2. Examine the cultures each day and note whether any colour change occurs.
(b) Nitrates to Nitrites.—
Method.—
1. Prepare tube cultivations and incubate together with control tubes (i. e., uninoculated tubes of the same medium, placed under identical conditions as to environment).
This precaution is necessary as the medium is liable to take up nitrites from the atmosphere, and an opinion as to the absence of nitrites in the cultivation is often based upon an equal colouration of the medium in the control tube.

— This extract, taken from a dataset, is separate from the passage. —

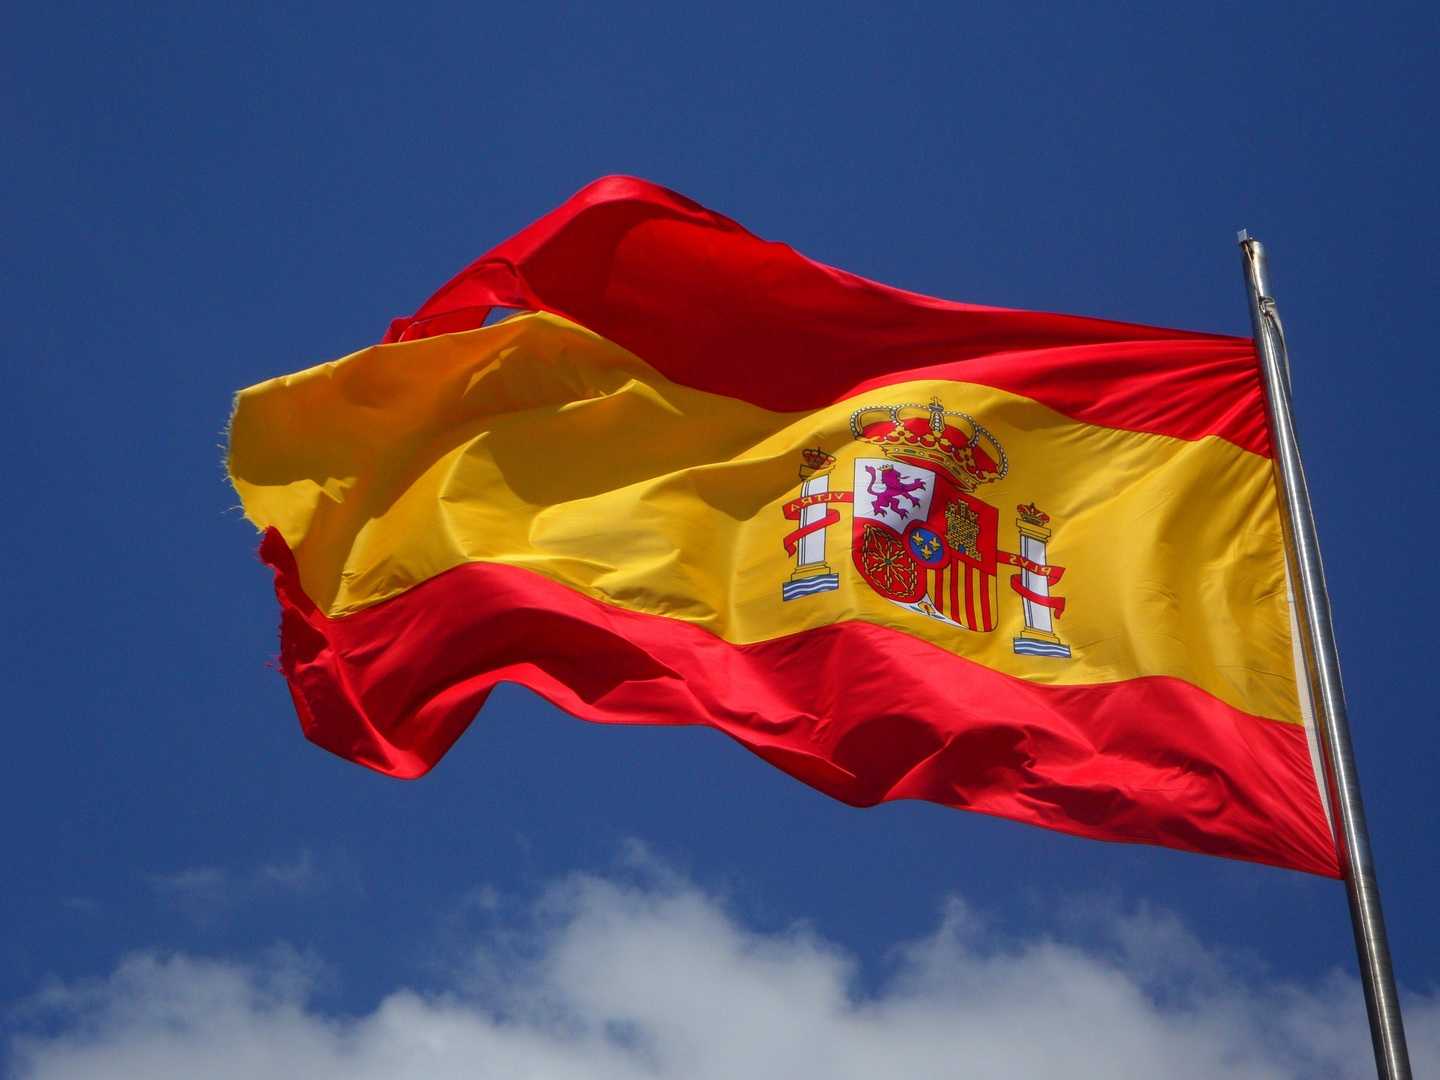 SME SHIPPING บริการส่งของไปสเปน ส่งพัสดุไปสเปน เราทำให้การส่งของเป็นเรื่องง่ายแค่ปลายนิ้ว ส่งของจากไทยไปสเปน อัตราค่าส่งของไปสเปน ค่าส่งของไปสเปน อัตราค่าส่งพัสดุไปสเปน ค่าส่งพัสดุไปสเปน ค่าส่งไปรษณีย์ไปสเปน ส่ง EMS ไปสเปน ส่งของไปสเปนทางเครื่องบิน ส่งของไปสเปนทางเรือ วิธีส่งของไปสเปน ส่งจดหมายไปสเปน ส่งเอกสารไปสเปน ส่งอาหารไปสเปน

Test both the culture tube and the control tube for the presence of nitrites.
2. Add a few drops of sulphuric acid to the medium in each of the tubes.
3. Then run in 2 or 3 c.c. metaphenylene diamine into each tube. Brownish-red colour = nitrites.

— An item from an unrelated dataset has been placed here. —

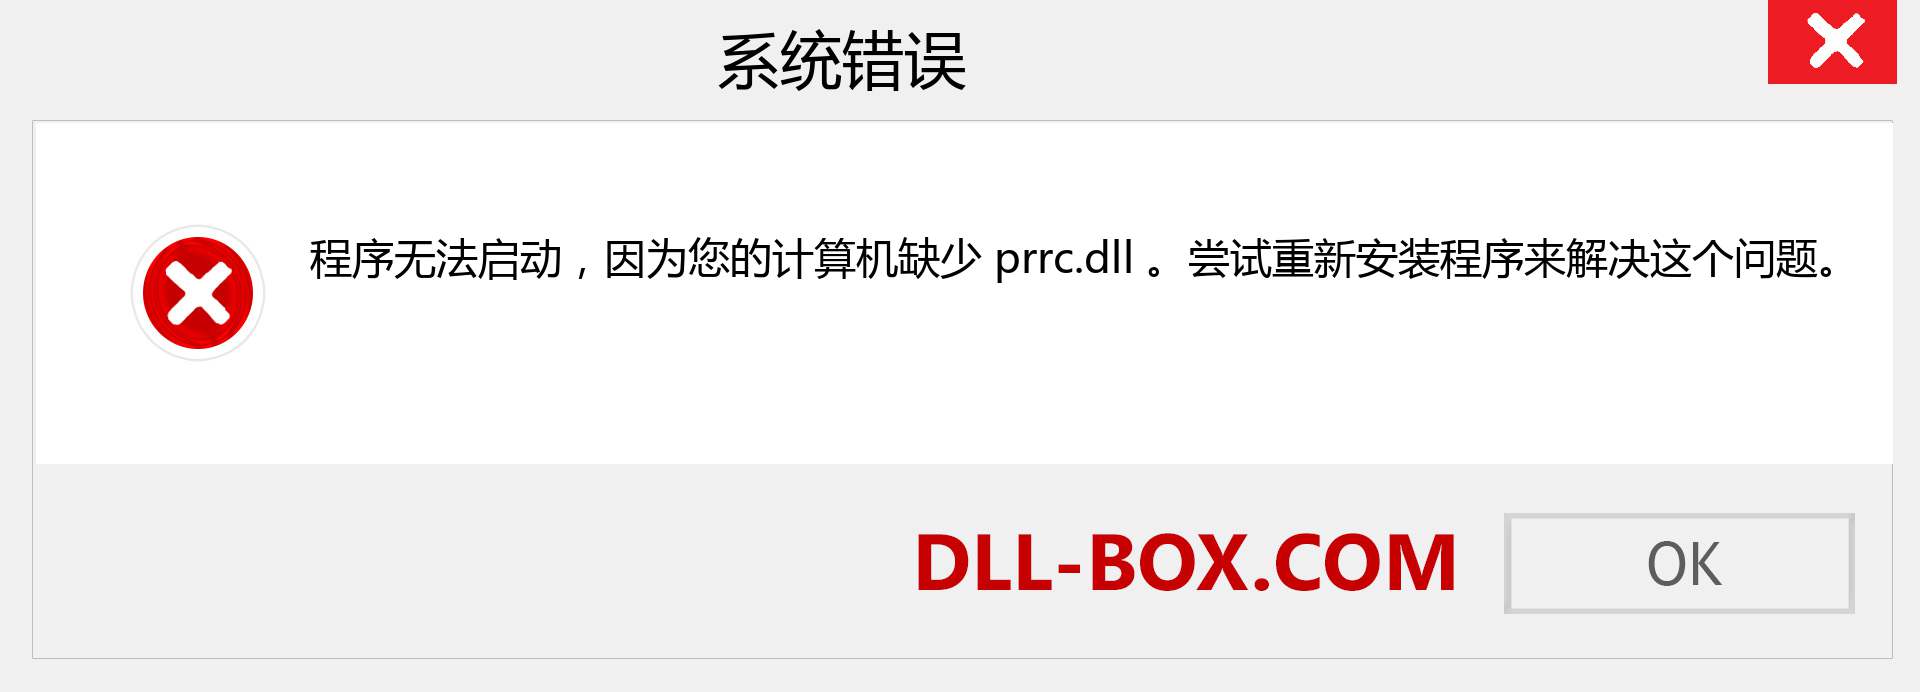 prrc.dll 文件丢失？。 适用于 Windows 7、8、10 的下载 - 修复 Windows、照片、图像上的 prrc dll 丢失错误

The depth of colour is proportionate to the amount present.
8. Gas Production.—
(A) Carbon Dioxide and Hydrogen.—
Apparatus Required:
Fermentation tubes (vide page 161) containing sugar bouillon (glucose, lactose, etc.). The medium should be prepared from inosite-free bouillon (vide page 183).
Reagent Required:
n/2 caustic soda.
Method.—
1. Inoculate the surface of the medium in the bulb of a fermentation tube and incubate.
2. Mark the level of the fluid in the closed branch of the fermentation tube, at intervals of twenty-four hours, and when the evolution of gas has ceased, measure the length of the column of gas with the millimetre scale.
Express this column of gas as a percentage of the entire length of the closed branch.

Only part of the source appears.